WHAT IS BEING ASKED :: The answer is the data repeated in full, with no pictures included.

SUPPLIED INFORMATION ::

- - - - - - -

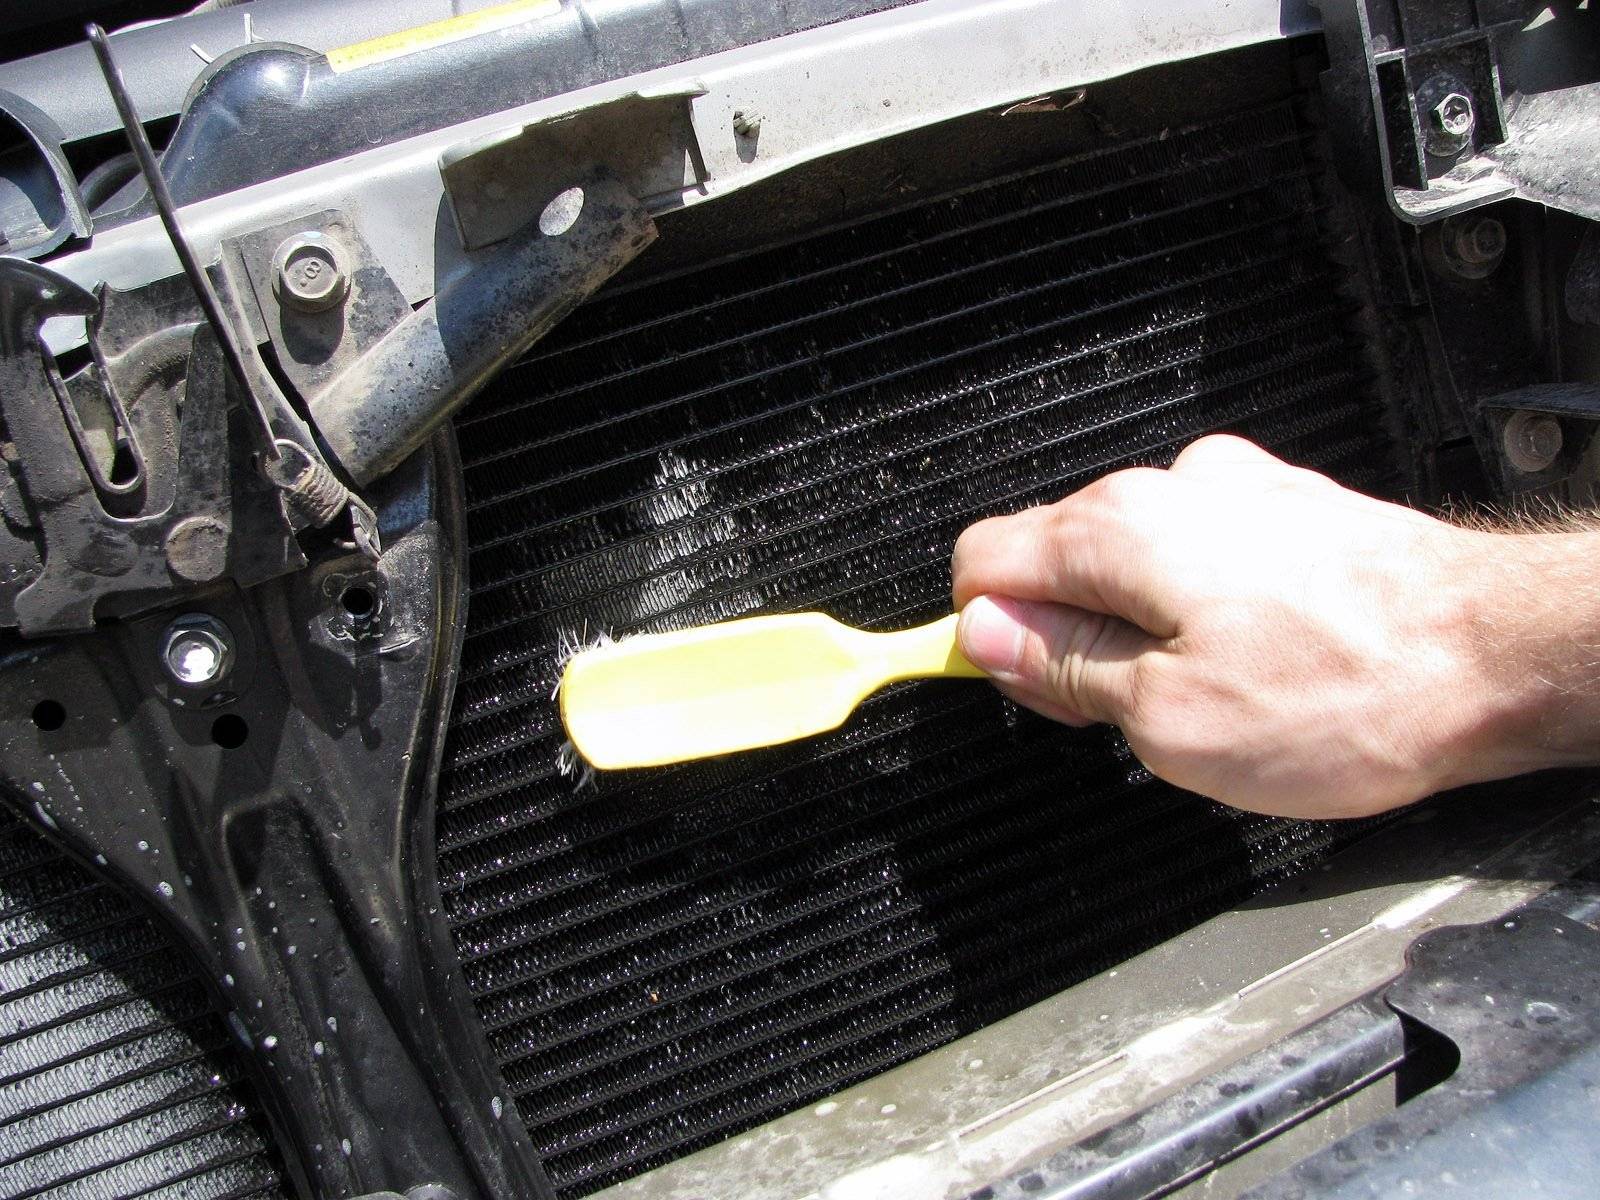 Как почистить радиатор автомобиля снаружи не снимая: средства для чистки, инструкция, советы, видео
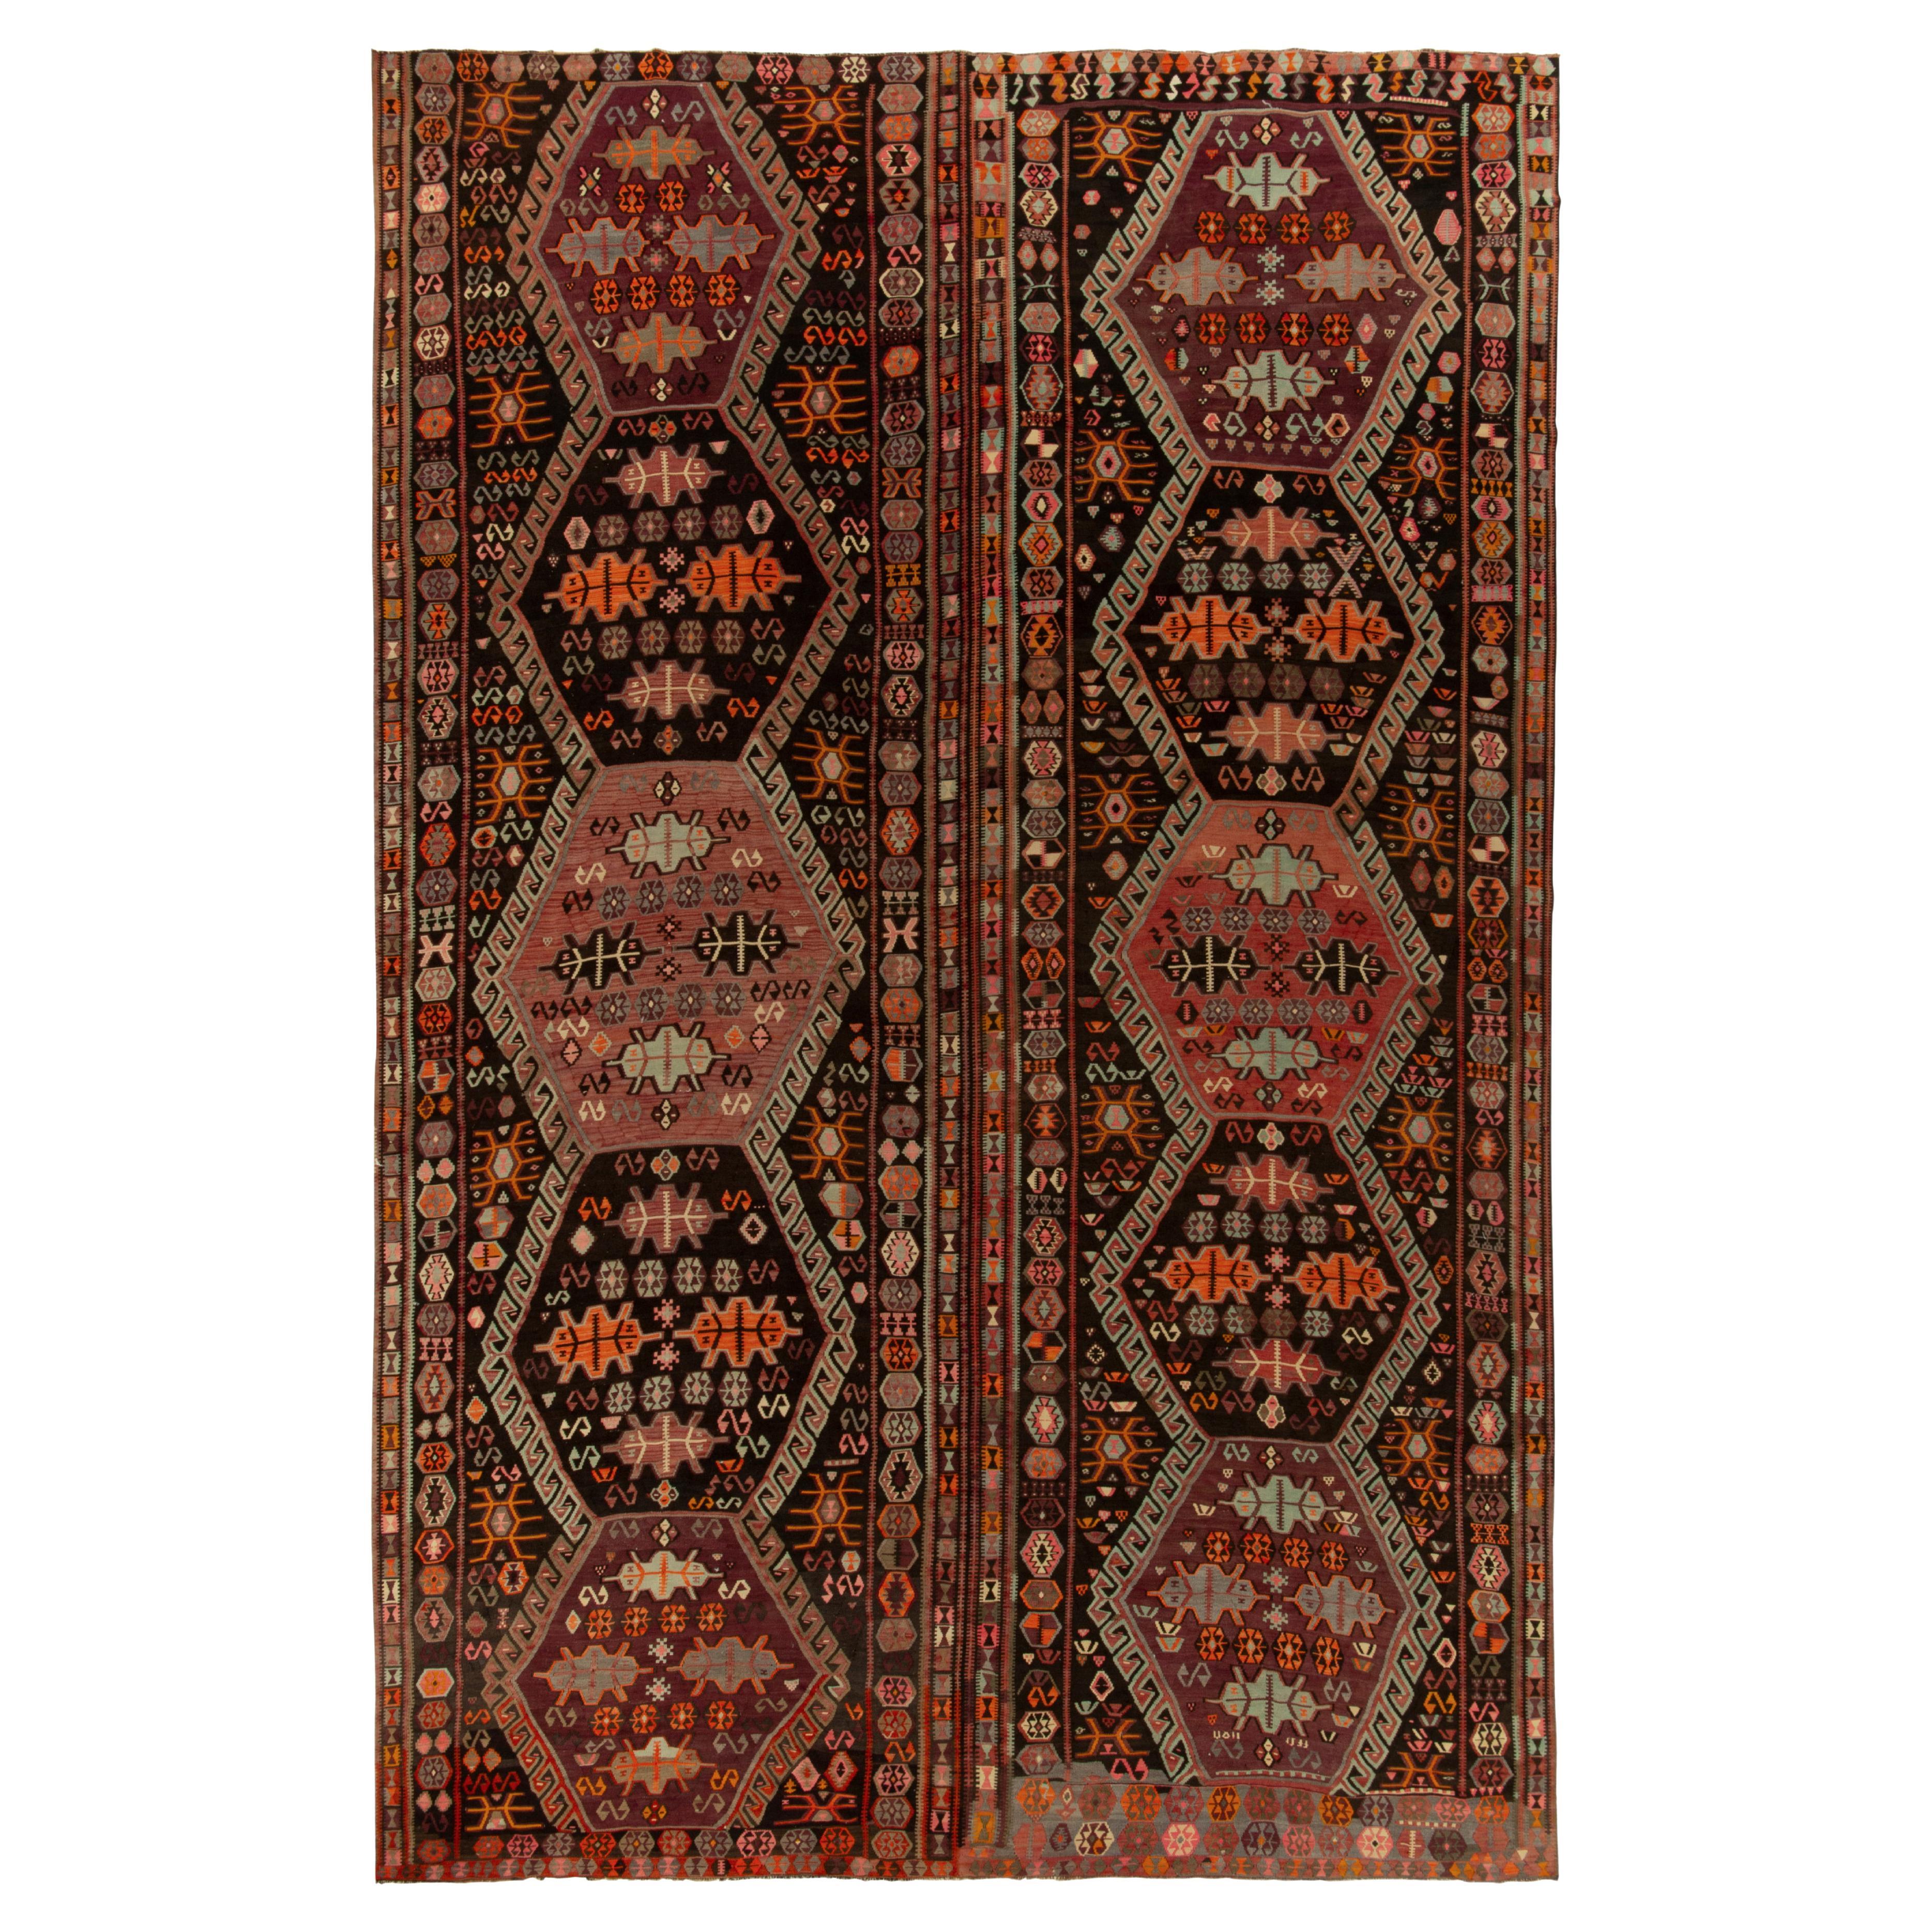 Rare Vintage Kilim Rug in Brown, Orange, Tribal Geometric Pattern by Rug & Kilim
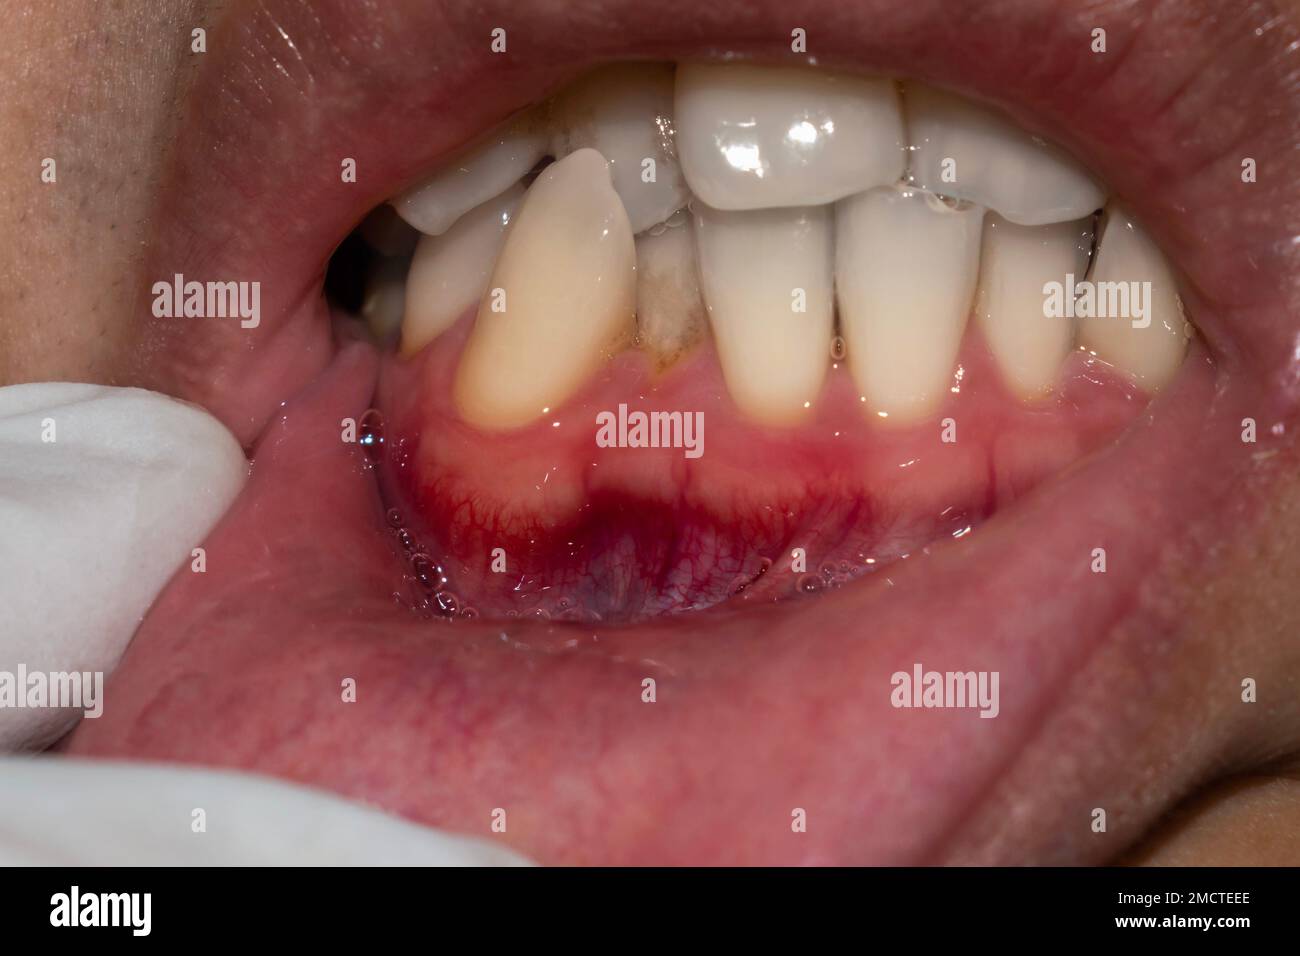 Infiammazione delle gengive chiamata gengivite. Problema parodontale. Scarsa igiene orale. Foto Stock
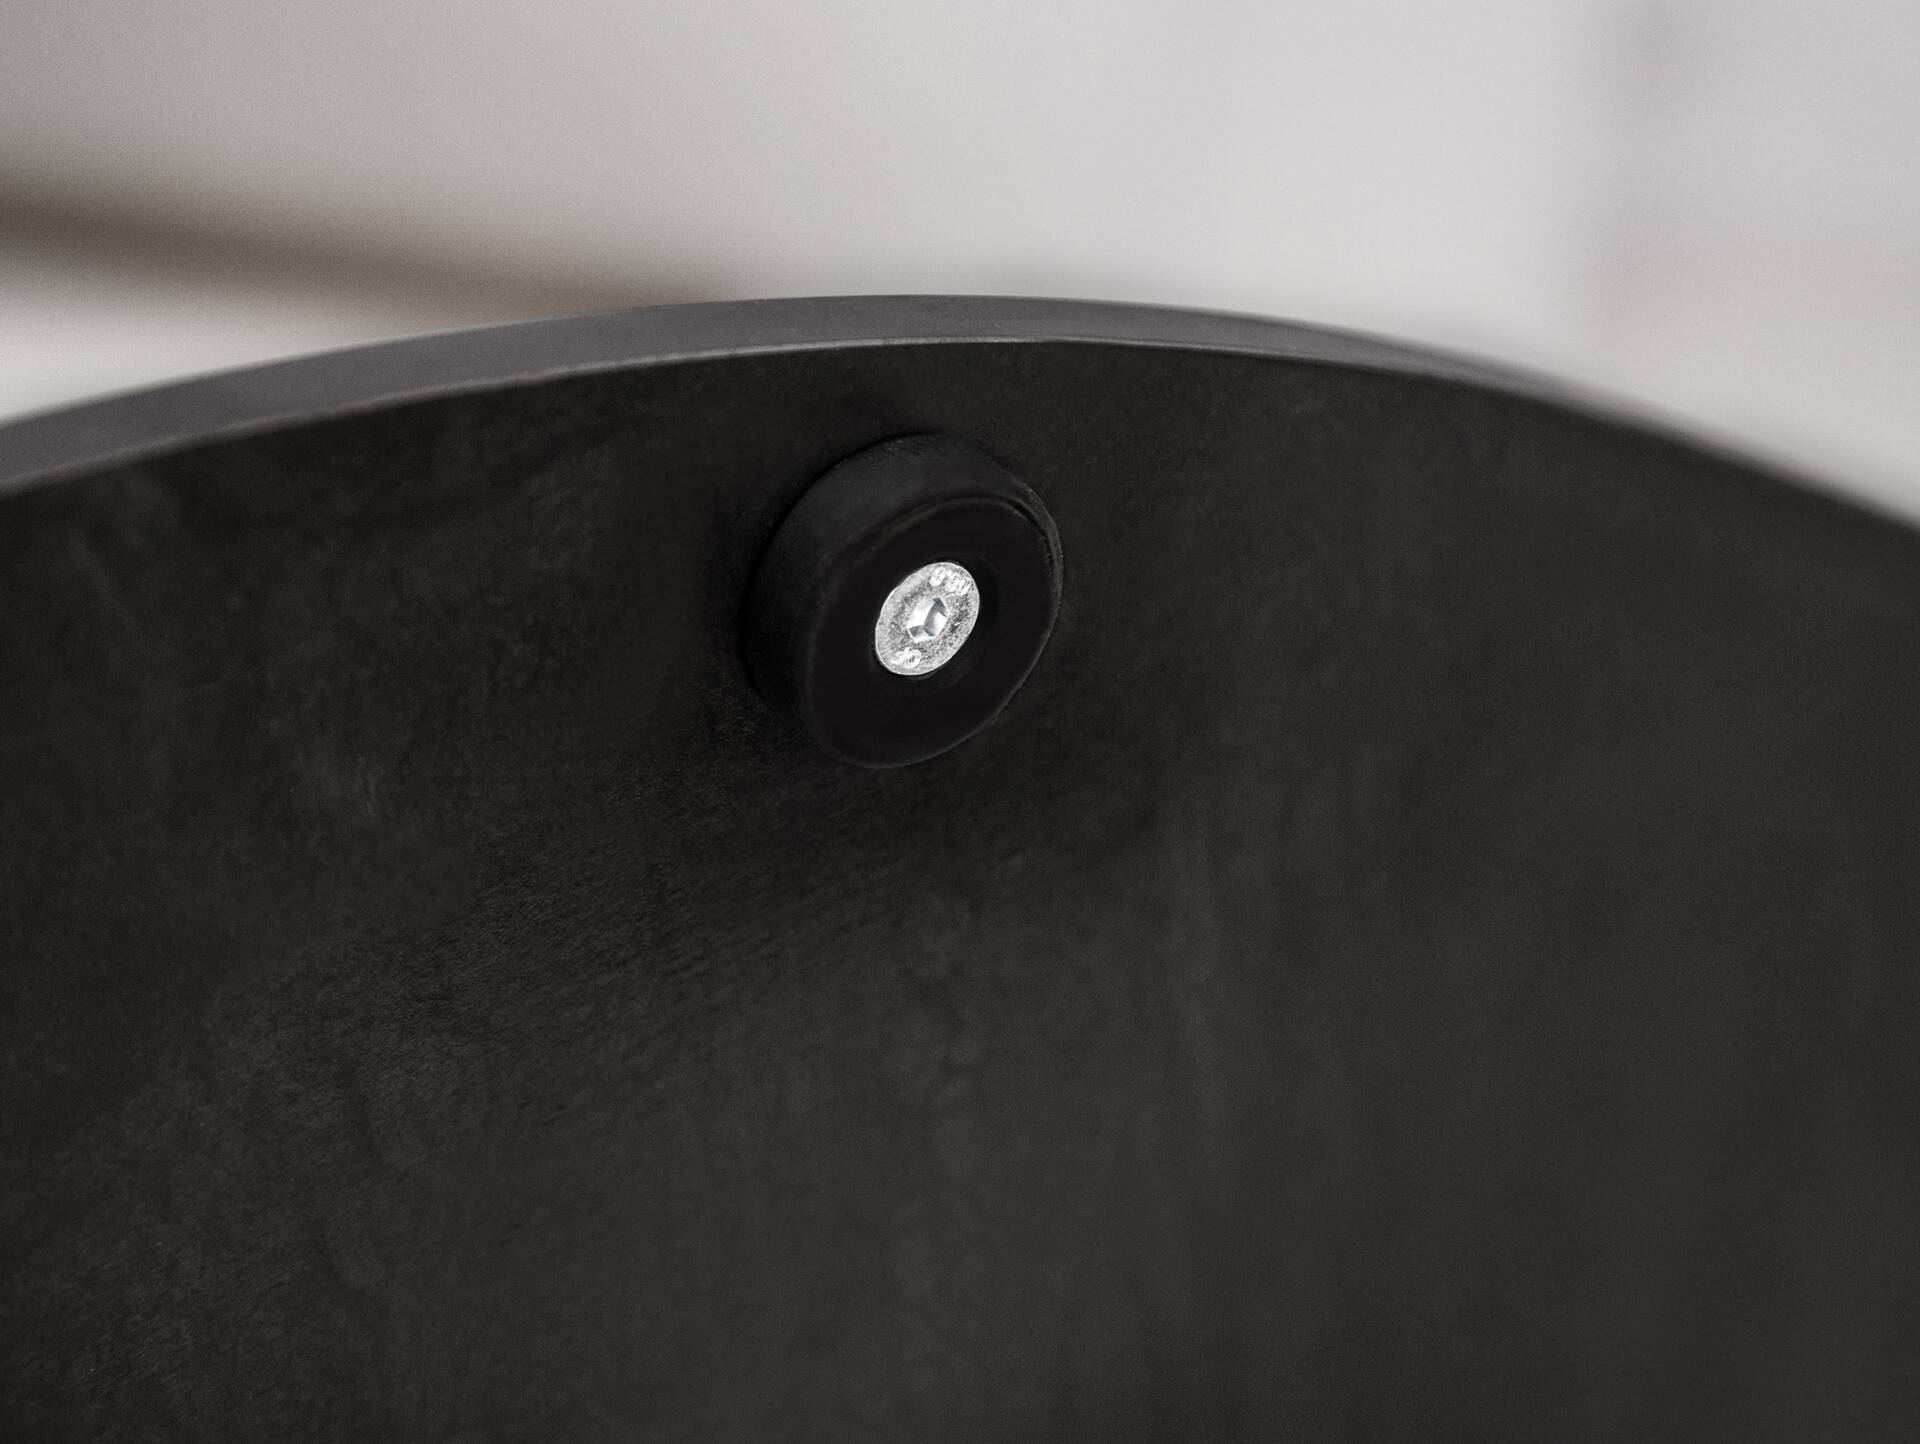 Tischgestell für GASTRO Esstisch rund, Material Stahl, schwarz 70 cm

- - - - - - -

FINISHED TASK ::
 Как почистить радиатор автомобиля снаружи не снимая: средства для чистки, инструкция, советы, видео
 Rare Vintage Kilim Rug in Brown, Orange, Tribal Geometric Pattern by Rug & Kilim
 Infiammazione delle gengive chiamata gengivite. Problema parodontale. Scarsa igiene orale. Foto Stock
 Tischgestell für GASTRO Esstisch rund, Material Stahl, schwarz 70 cm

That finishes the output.